A recent decision by the United States Court of Appeals Sixth Circuit Court of Appeals prohibited the government from secretly accessing the contents of your e-mails . . . or did it? In Warshak v. United States, the Sixth Circuit affirmed an injunction prohibiting the federal government from using an order under the Stored Communications Act to get the contents of “personal e-mail” held by an ISP unless the government either provides notice and an opportunity to be heard or else makes a fact-specific showing that the account holder maintained no reasonable expectation of privacy “with respect to the ISP.” While the court’s decision specifically only applies to residents of the Southern District of Ohio, the implications of the Warshak decision will no doubt be widespread. But the language in Warshak, in particular the acknowledgement that account holders may easily waive any privacy expectations, is troubling.

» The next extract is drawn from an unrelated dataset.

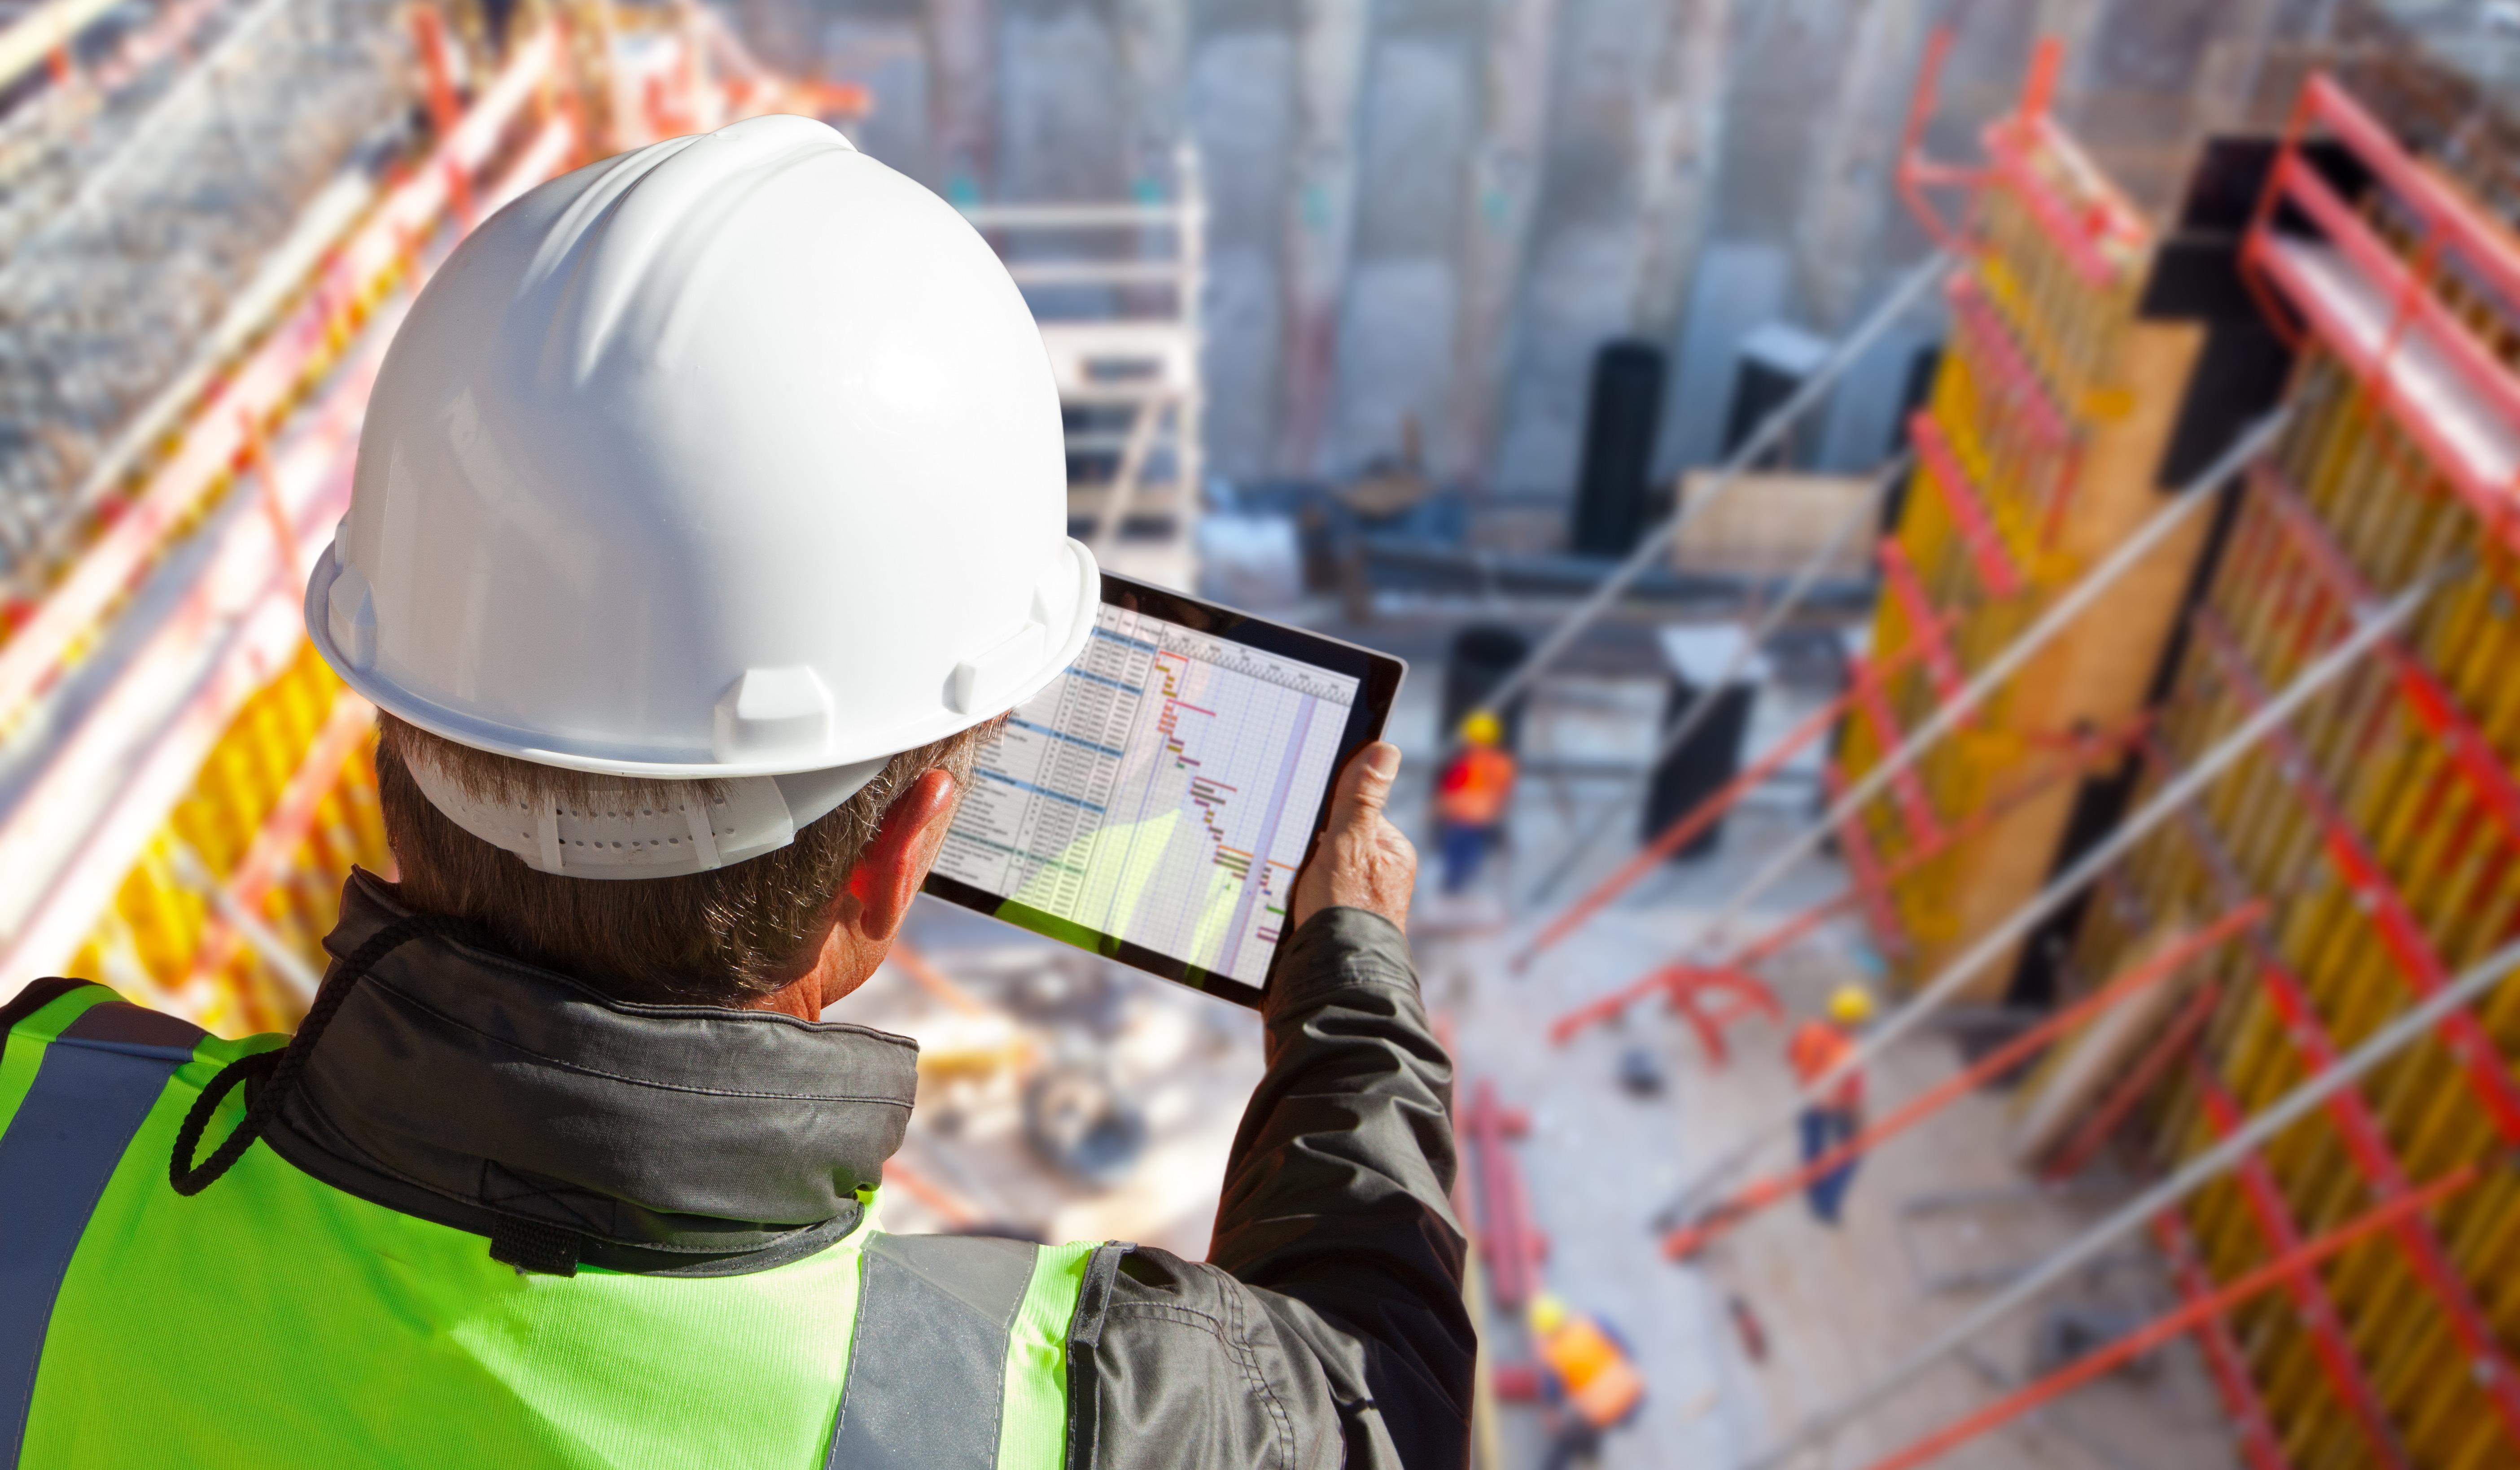 Fra fossilfri til utslippsfri byggeplass innen 2025 – er du klar?

Steve Warshak ran a company called Berkeley Premium Nutraceuticals selling things like penis enlargement pills and diet pills. The government began investigating him and his company and obtained court orders under the Stored Communications Act to compel two commercial ISPs to disclose material in Warshak’s e-mail accounts. The Act allows the government to compel disclosure of e-mail contents held by ISPs for more than 180 days using less process than a warrant, and, though the language is unclear, may also allow the government to obtain “opened” e-mail stored less than 180 days through similar methods. Warshak found out about the disclosure of his e-mails by the ISPs and filed a civil suit seeking declaratory and injunctive relief on the grounds that the compelled disclosure of his e-mails violated the Act and the Fourth Amendment. Warshak also sought a preliminary injunction blocking the government from using the Act to compel disclosure of the contents of e-mail with less process than a warrant in all future cases in the Southern District of Ohio. The government later indicted Warshak on 107 counts of wire fraud, bank fraud, money laundering, and assorted other crimes.
At issue in Warshak v. United States was 18 U.S.C § 2703, which tells the government by what means it can access user records, subscriber information, and content of electronic messages. More specifically at issue was whether the government could get access to Warshak’s e-mail content under this provision without giving him prior notice. The court made it clear that a constitutional right may be violated when the government obtains the contents of your e-mails without providing notice.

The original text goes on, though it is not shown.